▸ **PROVIDED RECORDS**
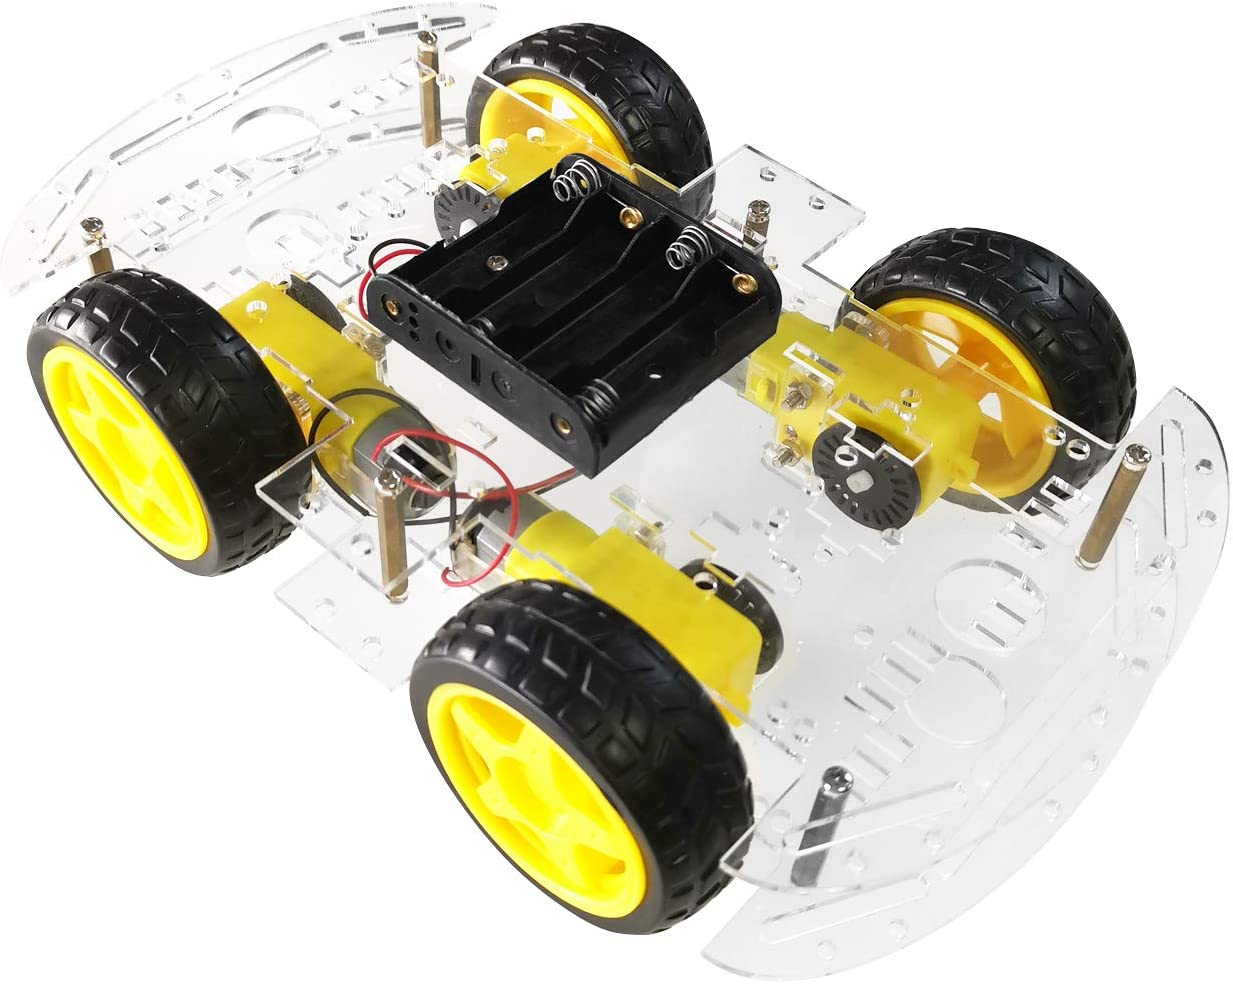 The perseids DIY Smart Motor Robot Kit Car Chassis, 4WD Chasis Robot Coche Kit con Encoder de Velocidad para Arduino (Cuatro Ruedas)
...
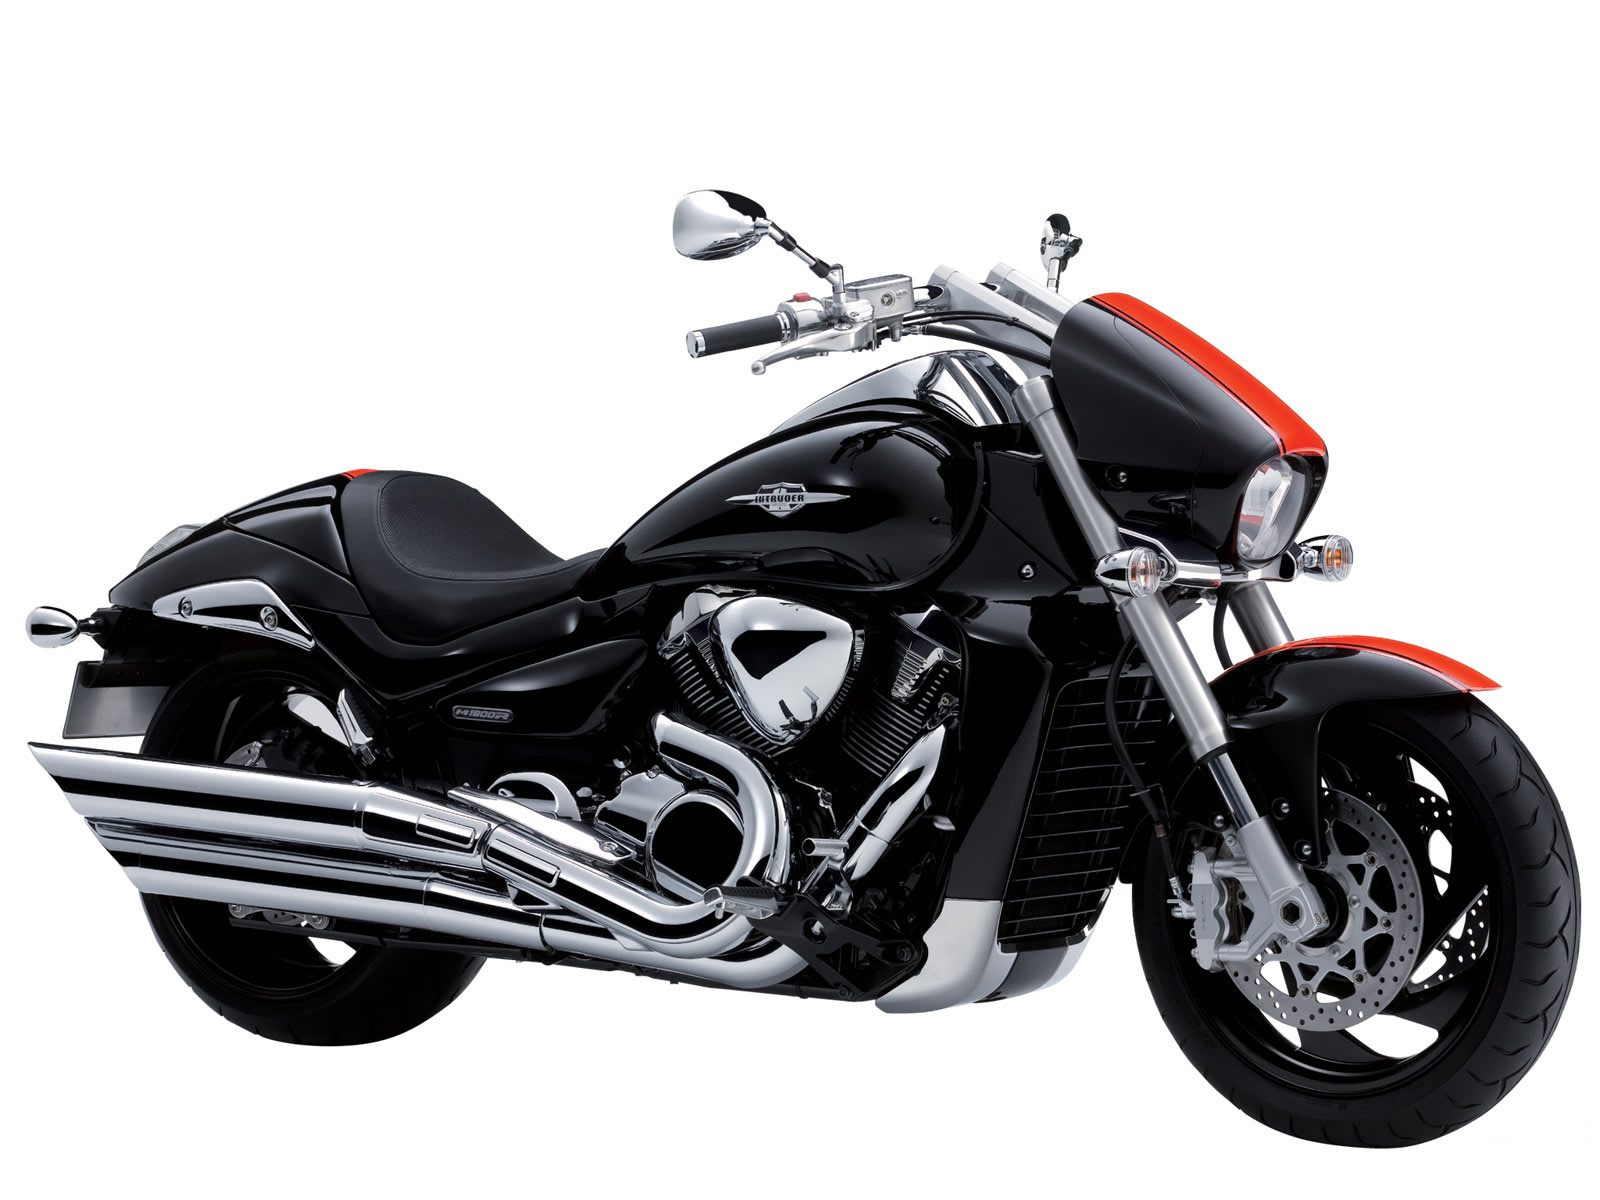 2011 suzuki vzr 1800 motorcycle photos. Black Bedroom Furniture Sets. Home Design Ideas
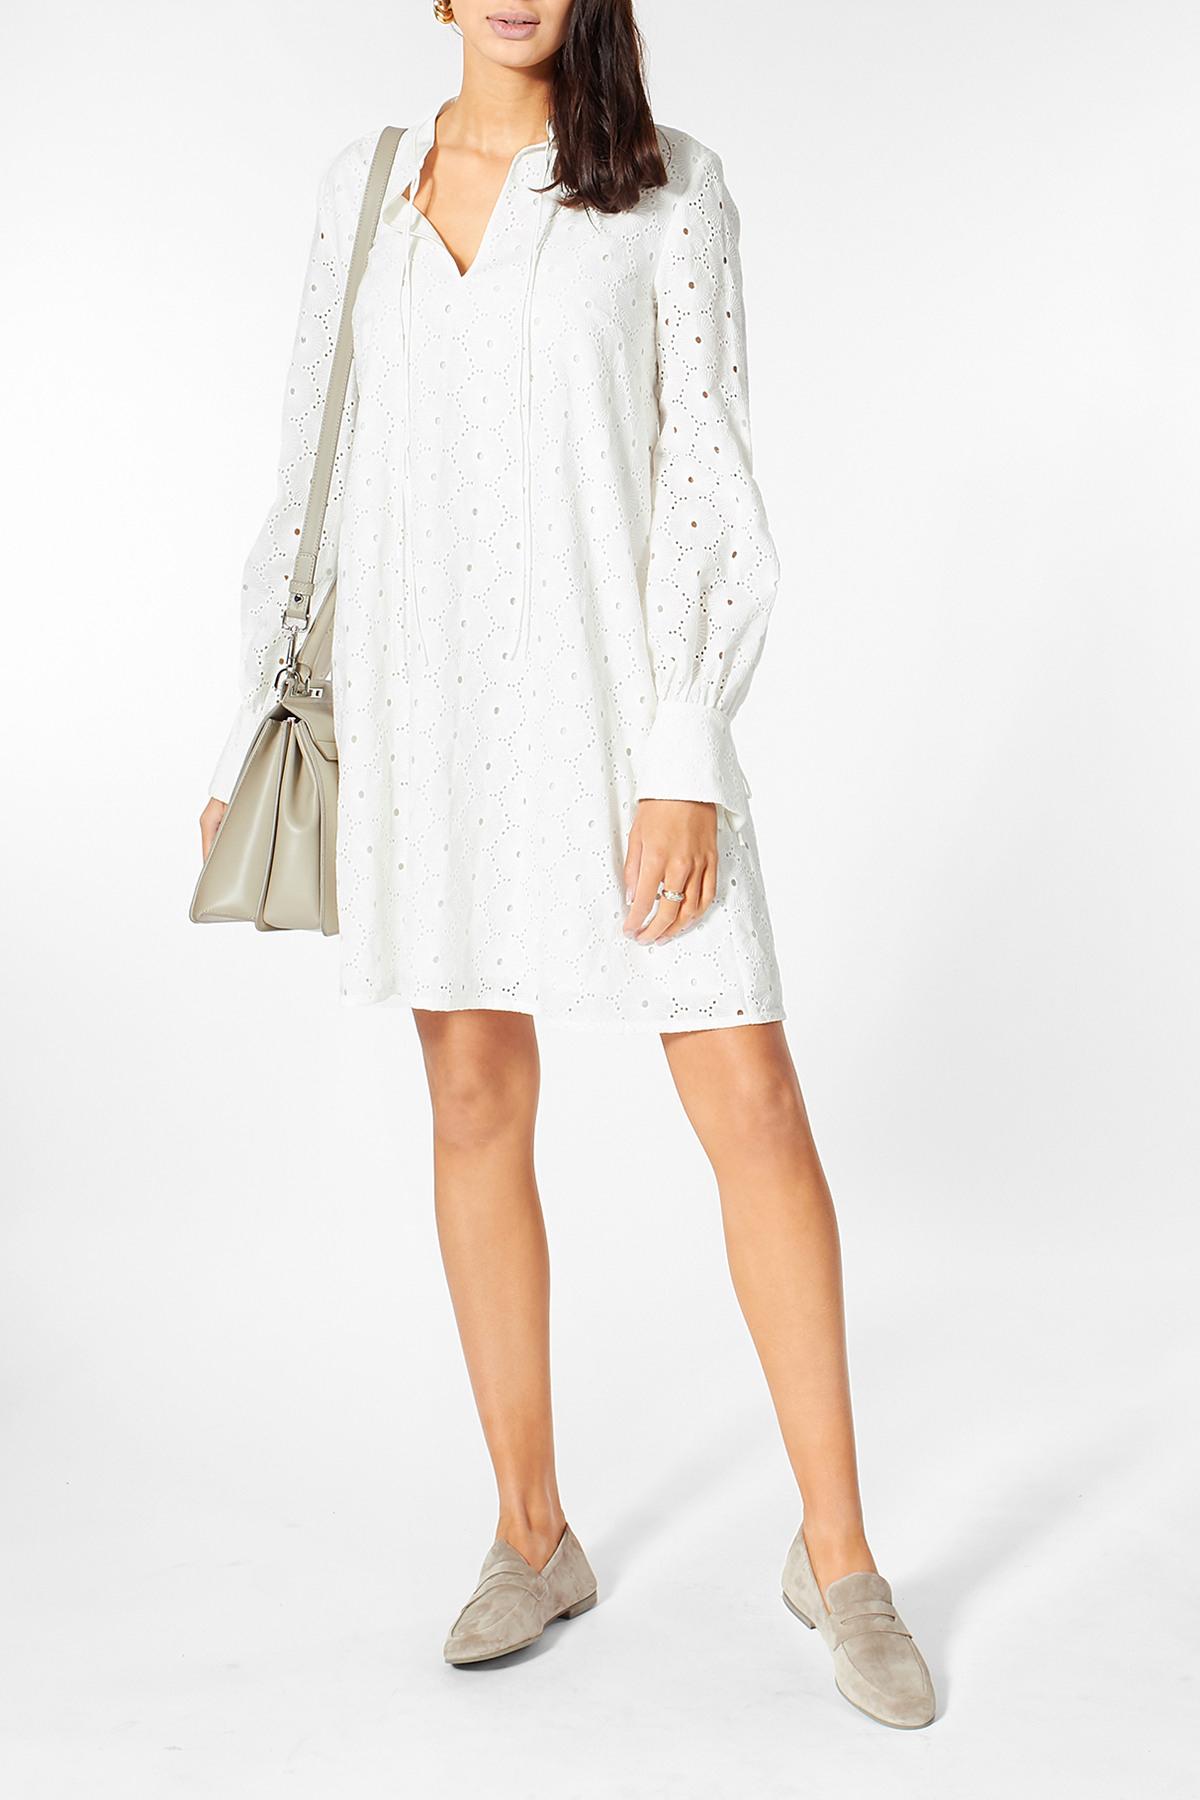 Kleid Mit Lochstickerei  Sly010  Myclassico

▸ **WORK TO BE COMPLETED**
Reproduce the lines above starting at the one with "2011 suzuki vzr" and ending at the one with "Kleid Mit Lochstickerei", both included, exactly and with no pictures.

▸ **SOLUTION BELOW**
 2011 suzuki vzr 1800 motorcycle photos. Black Bedroom Furniture Sets. Home Design Ideas
 Kleid Mit Lochstickerei  Sly010  Myclassico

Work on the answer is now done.